### Your instructions
Pictures stay out, but every line of the data is copied exactly.

### Available data
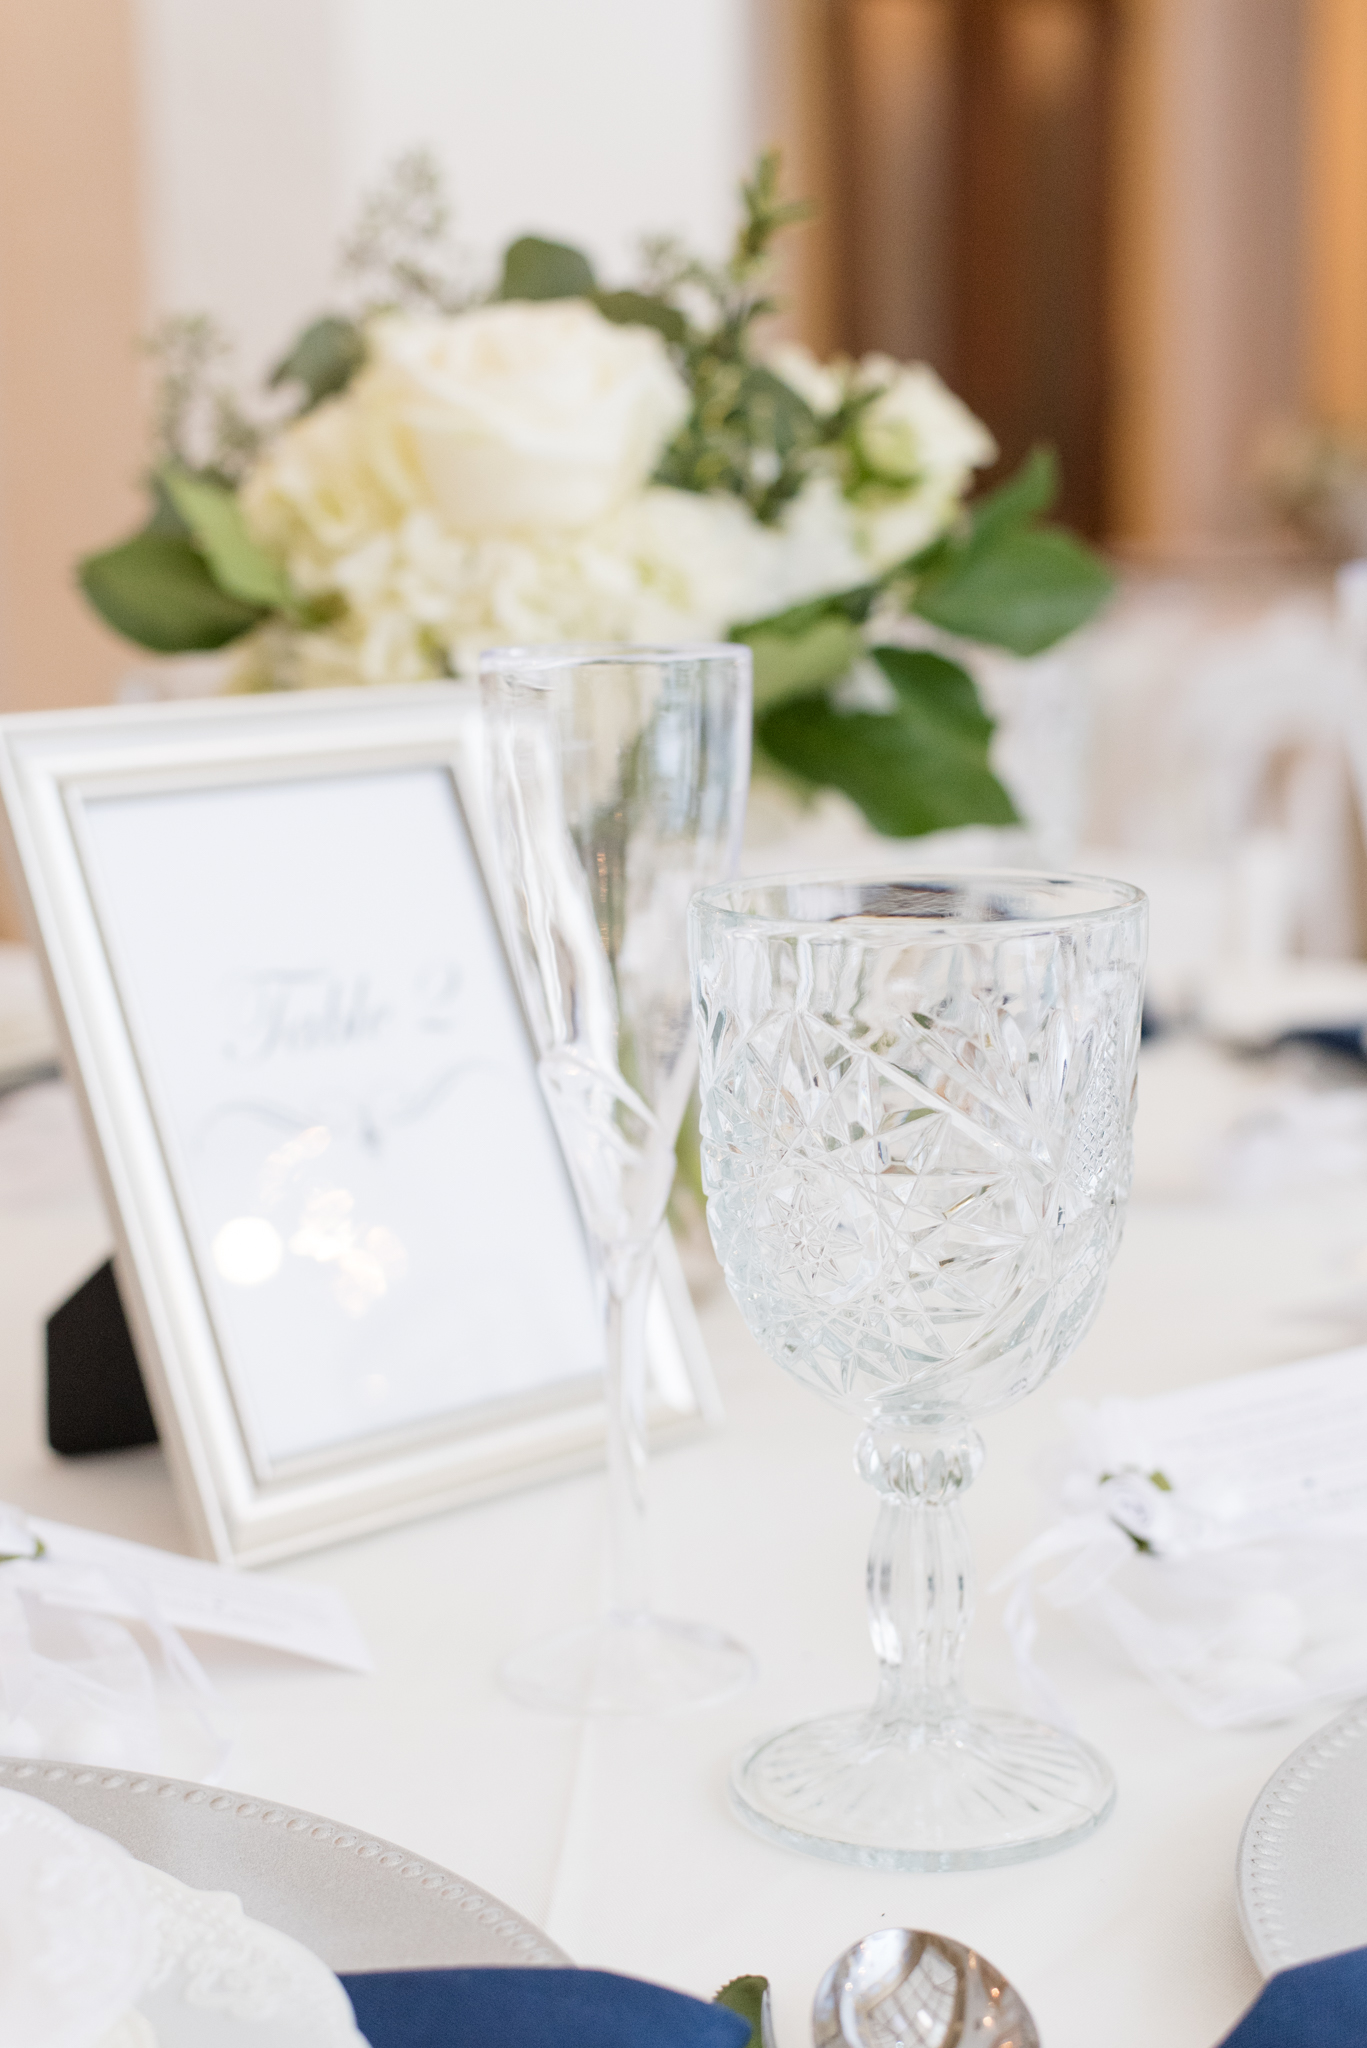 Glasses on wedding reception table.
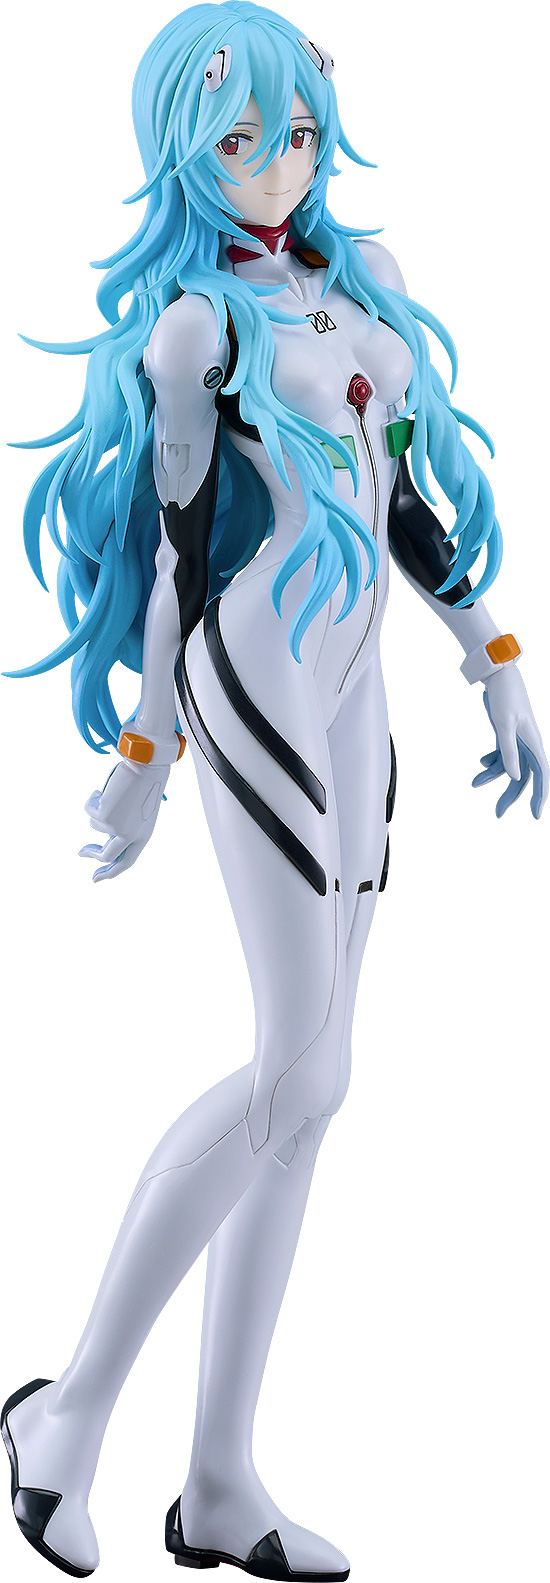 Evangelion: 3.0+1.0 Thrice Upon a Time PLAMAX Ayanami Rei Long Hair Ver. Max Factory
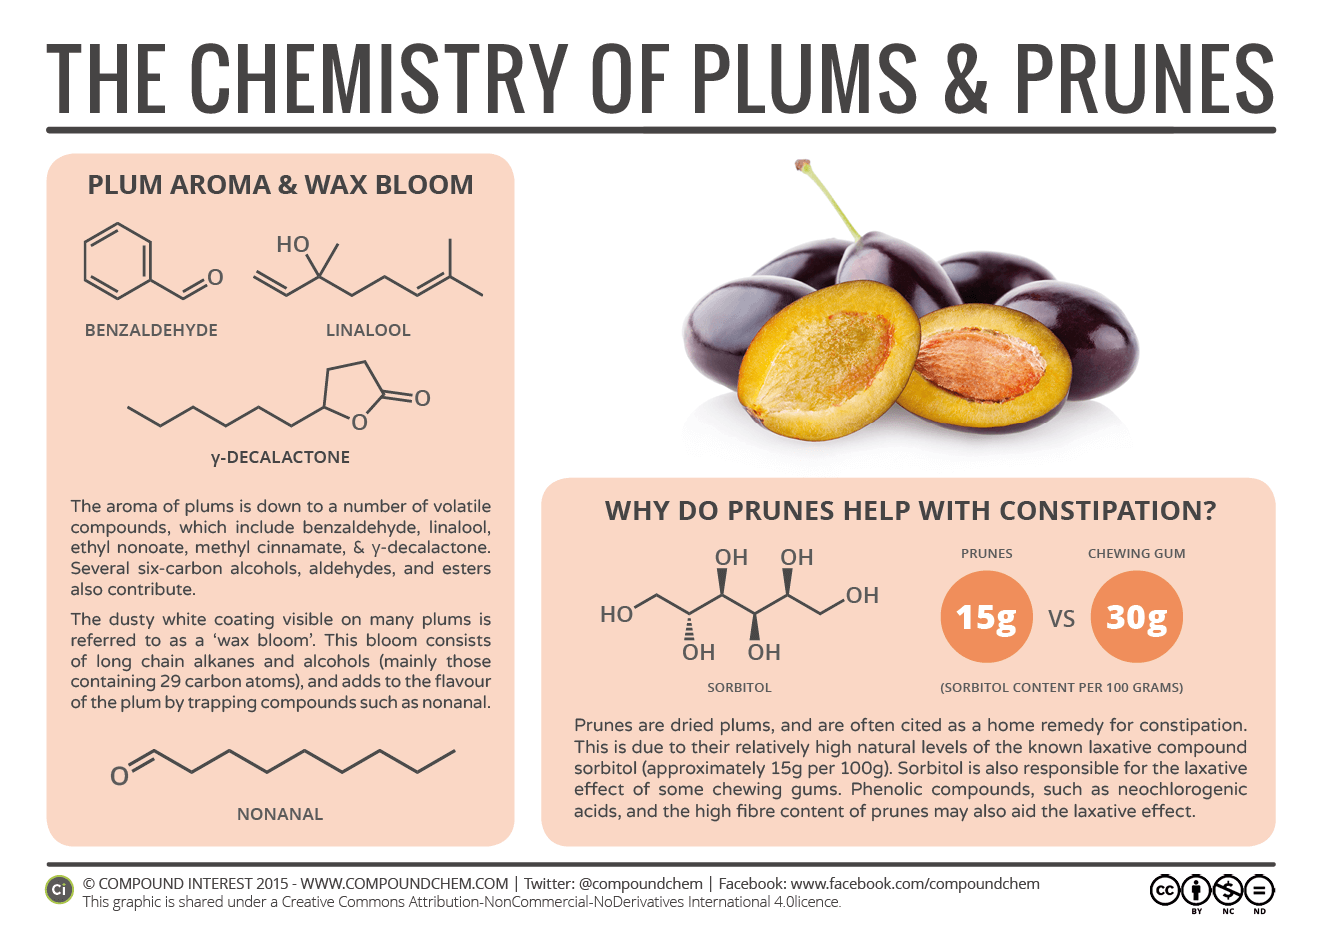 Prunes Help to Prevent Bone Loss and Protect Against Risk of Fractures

### Result of the exercise
 Glasses on wedding reception table.
 Evangelion: 3.0+1.0 Thrice Upon a Time PLAMAX Ayanami Rei Long Hair Ver. Max Factory
 Prunes Help to Prevent Bone Loss and Protect Against Risk of Fractures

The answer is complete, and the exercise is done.